On an adjusted basis, revenue was $20,22 billion, less than the $20,85 billion expected by analysts. For full 2016, Bank of America saw net profits rise from $15,836 billion to $17,906 billion, while revenue increased from $82,965 billion to $83,701 billion. In the fourth quarter, net income applicable to ordinary shareholders rose to $4,335 billion from $2,954 billion in the same period of 2015, while for the full year 2016 it was $16,224 billion, up 13% from $14,353 billion. billion in 2015.

The bank also plans to increase its stock buybacks for the first half of the year, from $2,5 billion to $4,3 billion.
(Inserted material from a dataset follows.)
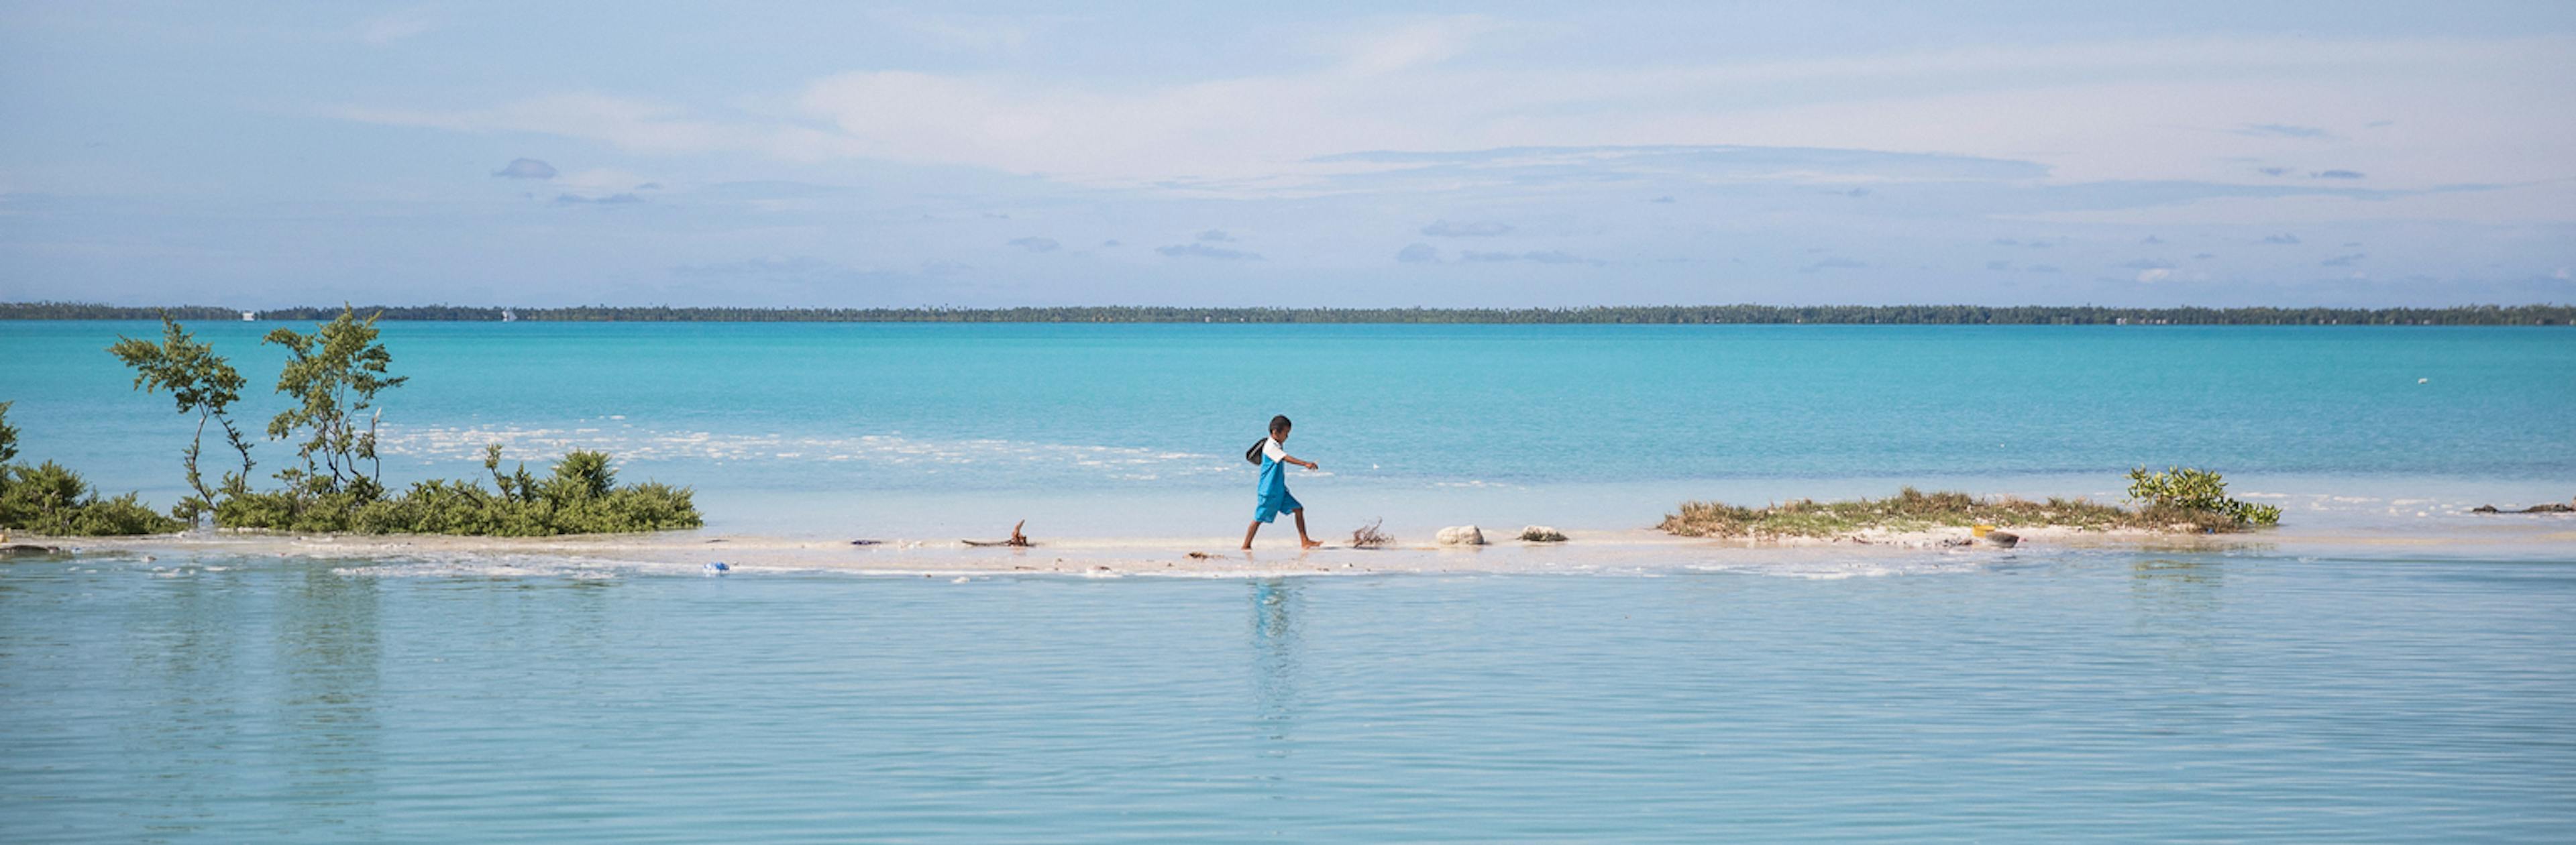 A boy walks from school to his house in Aberao village in South Tarawa, Kiribati. Kiribati is one of the countries most affected by sea level rise. During high tide many villages become inundated making large parts of the villages uninhabitable.

Revenue generated by trading activities, excluding accounting adjustments, rose 11% to 2,91 billion from 2,63 billion in the same period of 2015. Net interest income rose 6,3% to 10,29 billions of dollars.

Quarterly expenses fell 6,1% to $13,16 billion from $14,01 billion a year earlier, on the back of a cost-cutting plan by Chief Executive Officer Brian Moynihan, who turns seven this month leading the group. Over the summer, the CEO pledged to reduce annual expenses by another 5 billion dollars by 2018: to achieve this goal, the monthly figure must average around 13,25 billion.